25-01-1855 Vonnis Kerkelijk Geschil Warfhuizen

___________________________________________________________

In naam des Konings!
De Arrondissements Regtbank te Appingedam, Provincie Groningen, heeft het navolgend vonnis gewezen,
In zake
Onne Jans Jeltes, Schoolonderwijzer te Schouwerzijl, diaken der Hervormde Gemeente te Warfhuizen, en als zoodanig lid van den Kerkeraad aldaar, eischer bij behoorlijk geregistreerde dagvaarding van den vierëntwintigsten September achttienhonderd tweeënvijftig, comparerende bij Mr. M. E. Cleveringa, Prokureur,
tegen
Elle Heines Ellens, Lammert Heines Ellens en Grietje Heines Ellens, alle wonende op den Hoorn, onder Warfhuizen, gedaagden bij die dagvaarding, comparerende bij Mr. Sichterman van de Brake, Prokureur.

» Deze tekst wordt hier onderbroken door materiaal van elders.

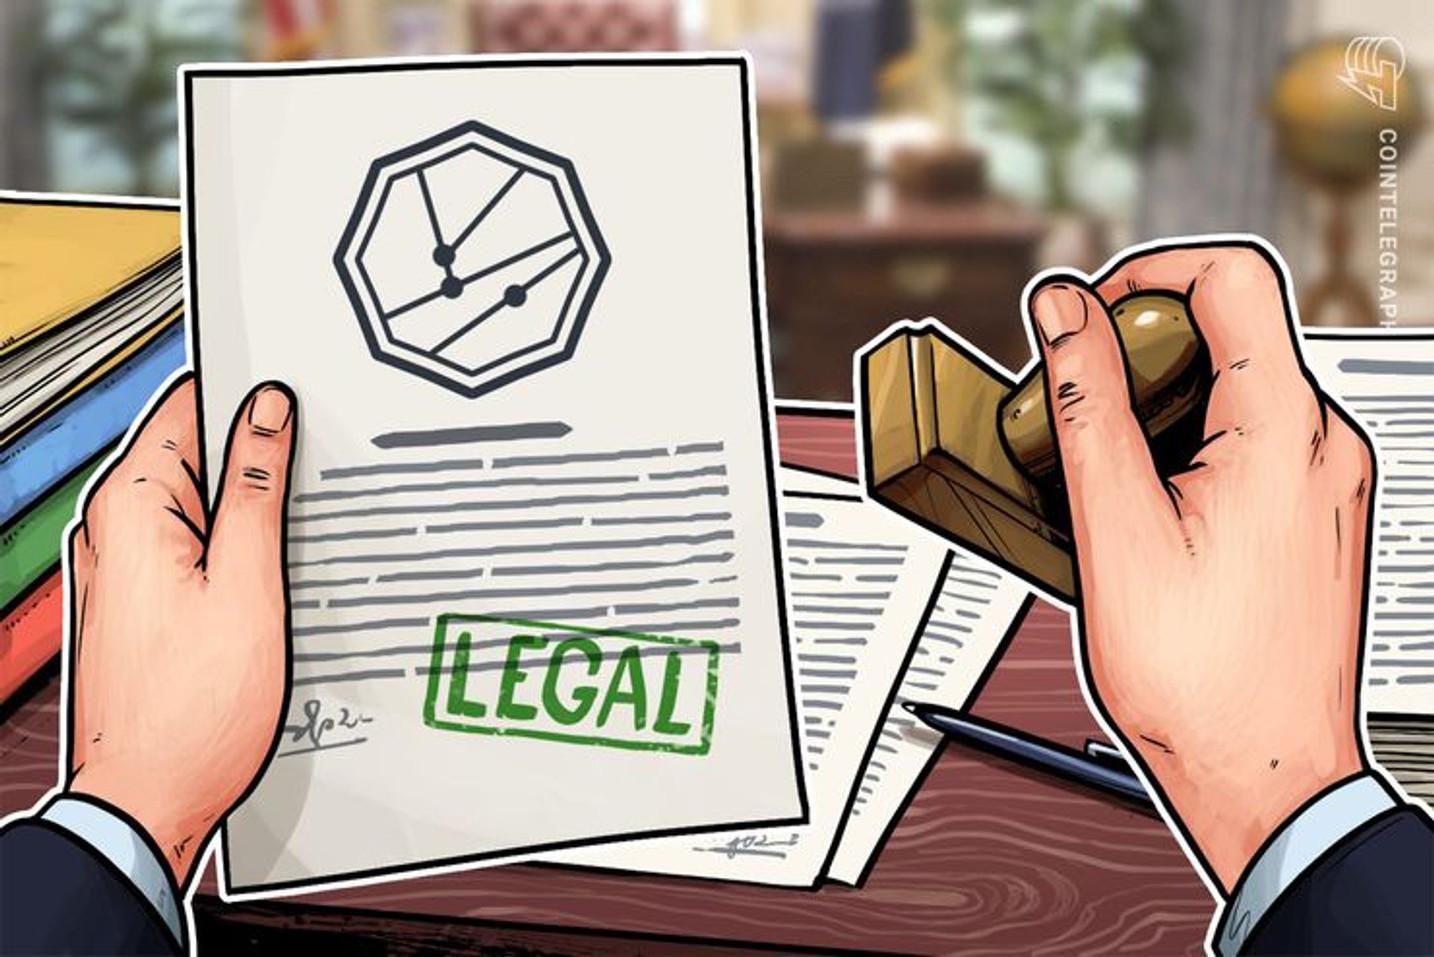 PONS IP y Signeblock lanzan plataforma Safe Evidence pare servicios legales con blockchain

De Prokureur Mr. Cleveringa, concludeerde voor den Eischer:
„Dat het der Regtbank behage te verklaren, dat de op den zesden Augustus achttienhonderd tweeënvijftig door den eersten gedaagde gedane beroeping (benoeming?) van een Predikant te Warfhuizen is nietig en van onwaarde en geen verder gevolg kan hebben, en te verstaan, dat de gedaagden tot de verkiezing van een Predikant dezer Gemeente ter vervulling der thans aldaar bestaande vacature niet bevoegd zijn, althans niet anders dan medestemmende met den Kerkeraad, of uit een dubbeltal daartoe door de Gemeente of den Kerkeraad geformeerd, en eindelijk de gedaagden te veroordeelen in de kosten van het geding.”

Voor de Gedaagden is geconcludeerd:
„Ten einde het der Arrondissements Regtbank moge behagen den Eischer in zijnen eisch te verklaren niet ontvankelijk, immers en in allen gevalle hem dien eisch te ontzeggen met de kosten.”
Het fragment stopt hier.